Sunday Parkways northeast 2014-40
Max (12 years old): “Nothing… Actually, sometimes it’s a little congested here and there; but everything else is perfected. There’s not that many cars. It’s all you could ask for.”

We also heard from several of our friends on Twitter…

Thanks for sharing your opinions everyone.

So… What (if anything) would you change?


Email This Post Email This Post


Gravatars make better comments... Get yours here.
Please notify the publisher about offensive comments.
Comments
  • Garlynn July 28, 2014 at 1:18 pm

    Make it weekly, all year long!!

    Recommended Thumb up 15

    • dan July 28, 2014 at 2:03 pm

      Yep, weekly in the same location, maybe the North / South Park Blocks. An occasional event is just a fun diversion, a weekly event might start to change transportation choices.

      Recommended Thumb up 4

  • Ilan July 28, 2014 at 1:21 pm

    Include some main streets in the route. Mississippi,
    Belmont, Dekum, etc. It’d be great for some of the business on the streets.

    Recommended Thumb up 27

    • q`Tzal July 29, 2014 at 4:18 pm

      I don’t know if this has been proposed but a Sunday Parkways route through a retail street suffering from heavy auto fatigue would be a GREAT time and place to try out car-free prototype designs.

      Just for a day to see if works. Mainly to convince Car Head business owners that it CAN work.

      Involve the PSU transit/city planning departments and maybe even local theater set crews to make mockups of planters and concrete barriers as real looking as possible.

      Afterwards actively solicit feedback from the affected businesses about what would make it better other than “cars today, cars tomorrow, cars forever”.

      Public feedback would be useful as well regarding the esoteric stuff: “how’d it feel?”, “was it convenient?”, “would you shop preferentially in a place like this again?” and “did you feel safe?”

      Recommended Thumb up 1

  • Spiffy July 28, 2014 at 1:35 pm

    I would love to see car-free routes… but I won’t get my hopes up…

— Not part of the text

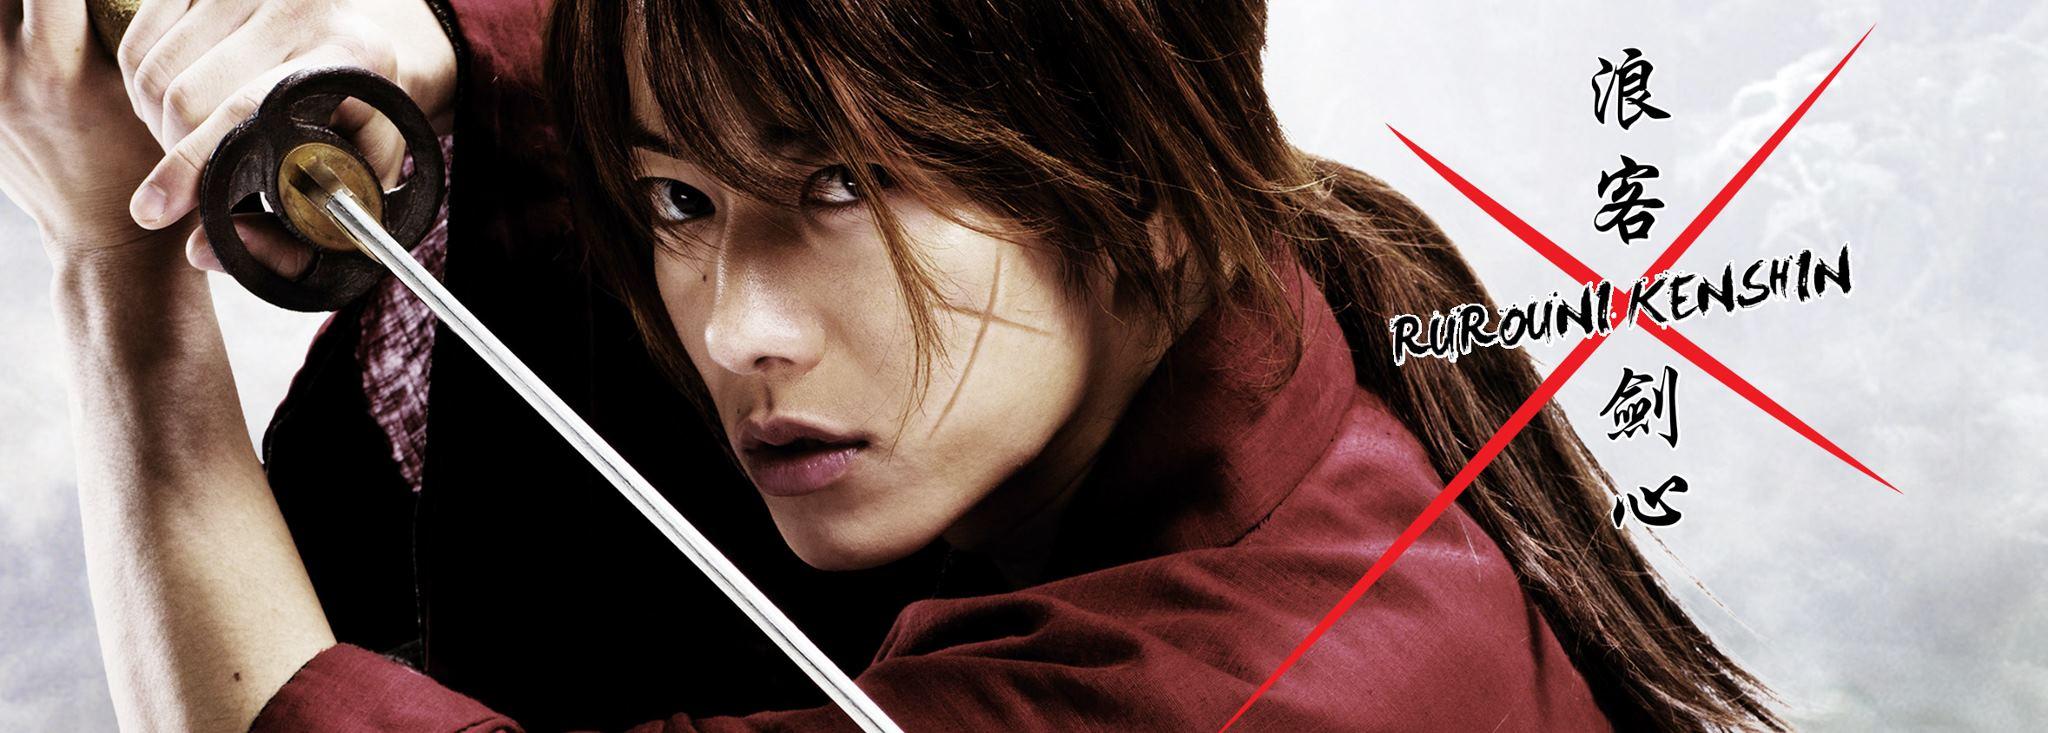 3rd-strike.com | Rurouni Kenshin (Meiji kenkaku roman tan ...

    Recommended Thumb up 3

  • J_R July 28, 2014 at 1:35 pm

    Use it to teach people the benefit of proper cycling etiquite (e.g. keep toward the right, don’t stop in the middle of the street).

    Recommended Thumb up 21

    • encephalopath July 28, 2014 at 3:07 pm

      I was thinking the same thing, but I’m not sure it would help. These are likely the same people who put their grocery cart on one side of the aisle and stand next to it to look at shelves on the other side of the aisle.

      They are incapable of getting it or just don’t care.

      Recommended Thumb up 3

  • Shoemaker July 28, 2014 at 1:43 pm

    Go for connection instead of isolation in route design. Make a route that connects all neighborhoods every time.

    How are the “interested but concerned” people supposed to safely enter and exit the Sunday Parkway? You see it each time – they do it by car. Is that intentional? Is that what we want?

    I think the current route design is like a poorly designed bike lane that magically begins and just as dramatically disappears leaving people right in the path of the motor vehicle again.

    I think the route should be extended to be as close to as many people as possible and not be some destination that requires a drive across down to reach. (It’s about the journey, no?) What’s the point of keeping it locked up in a loop that goes nowhere? It can and should go through real areas that people like to visit and allow, at least once a week, an actual safe route across the city.

    Recommended Thumb up 7

  • Champs July 28, 2014 at 1:44 pm

    Thus far I’ve had to miss them all this year, so… check my schedule first?

    More seriously, how about some bike paddocks? It’s better to roam the parks without a bike. A drop zone is more secure, gentler on the trees, and leaves more shady space for sitting.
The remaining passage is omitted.